# How to flush water heater that has solar panels



## Homerepairguy (Aug 1, 2010)

Want to flush our water heater that has solar panels attached. Procedure I want to use for the flush is:

1. Turn off electricity. Turn off cold water to heater and open a hot water faucet.
2. Drain heater completely.
3. Turn on cold water to fill heater about half way to loosen sediment.
4. Repeat steps 2-3 until water runs clear.

My questions deal with the solar panels. When I drain the heater, the water from the solar panels will drain out. I could prevent that by shutting off the two ball valves that are in the lines to/from the solar panels.
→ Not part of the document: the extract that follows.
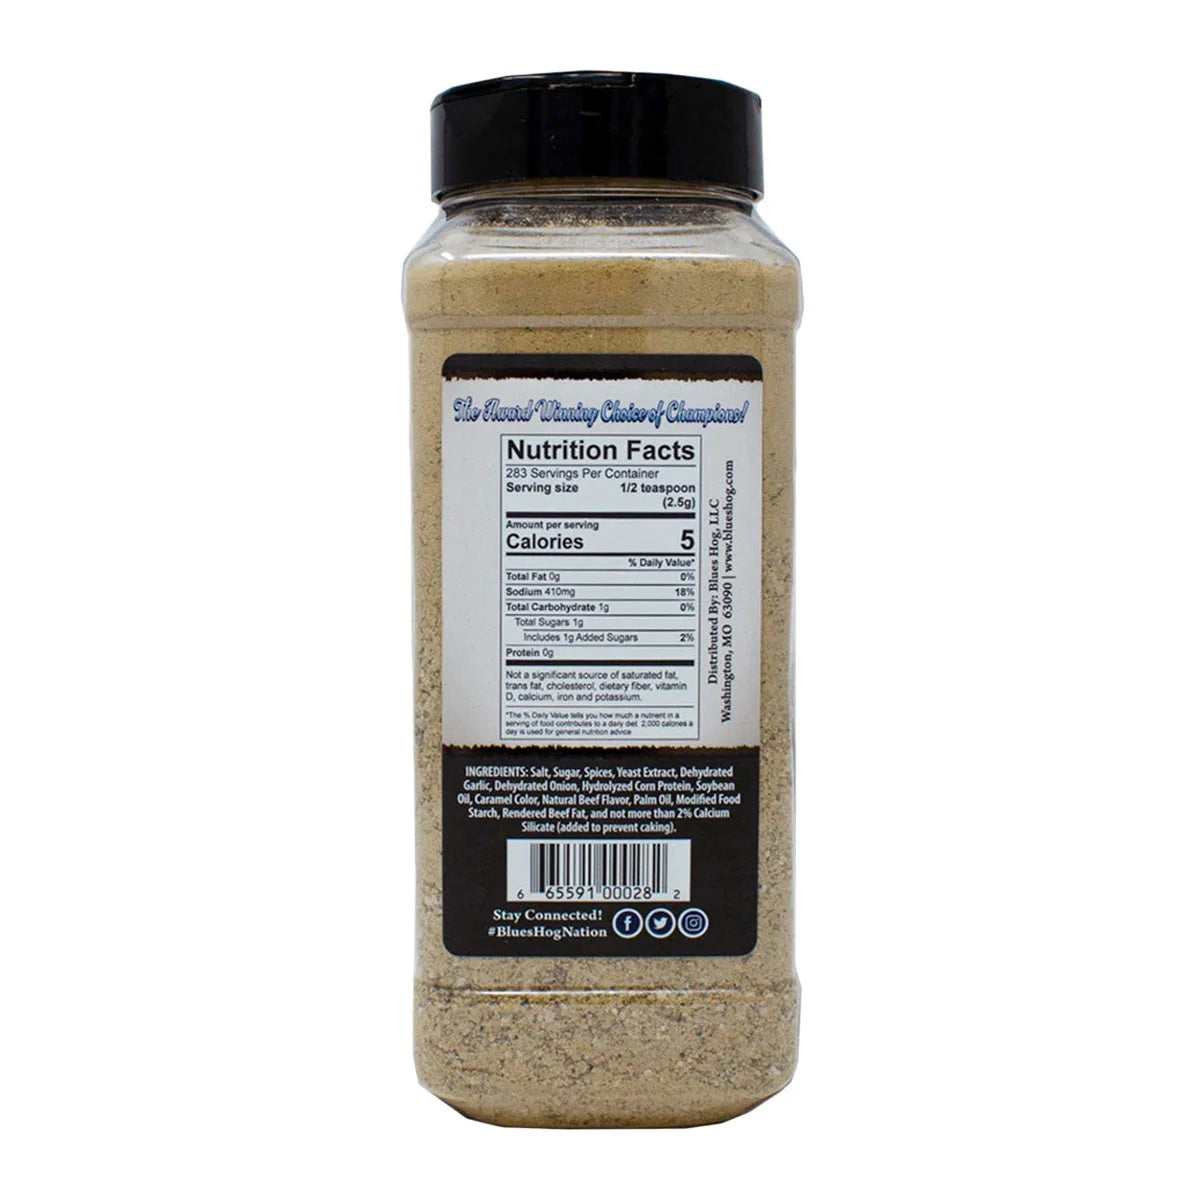 The back of a jar of Blues Hog Bold & Beefy Seasoning with a black lid. The label includes the nutrition facts and ingredient list. It indicates 283 servings per container, with each serving size being 1/2 teaspoon (2.5g). The mix contains 5 calories, 1g total fat, 410mg sodium, 1g total carbohydrate, and 0g protein per serving. Ingredients include salt, sugar, spices, yeast extract, dehydrated garlic and onion, hydrolyzed corn protein, and more.

But if I do the flush during the day, I'm afraid of the thermal expansion issues in the closed loop to the panels. (I prefer not to do the flush at night if possible.)

I would like to just let the water drain out of the solar panels but then I don't know the procedure to bleed the air out of the panels after the flushing is complete.

Here's the valve setup to the solar panels:

Water Heater >--->pump>--->ball valve>--->hose bib>--->solar panel1>---,
Water Heater <----------------<ball valve<---<hose bib<---<solar panel2<---'

What's the correct procedure to use? How do pros do water heater flushes with this type of setup since they would be doing it during the day? I would like any responses on how to bleed air out of the solar panels to come from trained folks and not best guess from untrained folks.

Thanks,
HRG


----------



## Bondo (Dec 8, 2007)

> My questions deal with the solar panels. When I drain the heater, the water from the solar panels will drain out. I could prevent that by shutting off the two ball valves that are in the lines to/from the solar panels.


Ayuh,... I've never seen a solar system that sends the Domestic water to the roof,...
They use antifreeze in the solar loop,... domestic water heats in the tank...

got a picture,..??


----------



## Homerepairguy (Aug 1, 2010)

Bondo said:


> Ayuh,... I've never seen a solar system that sends the Domestic water to the roof,...
> They use antifreeze in the solar loop,... domestic water heats in the tank...
> got a picture,..??


It never snows or freezes in our area so potable water in the water heater is heated directly by the solar panels. The connection for the drain faucet at the bottom of the heater has a "T" connection. One side goes to a hose bib and the other side goes to the pump shown in my previous diagram. For absolute confirmation that potable water and not antifreeze is used, when I open either hose bibs shown in my diagram, water comes out, not antifreeze.

Guess only folks who live in the southern portion of the U.S. where it never freezes would be familiar with the solar setup we have.

Thanks for your interest,
HRG


----------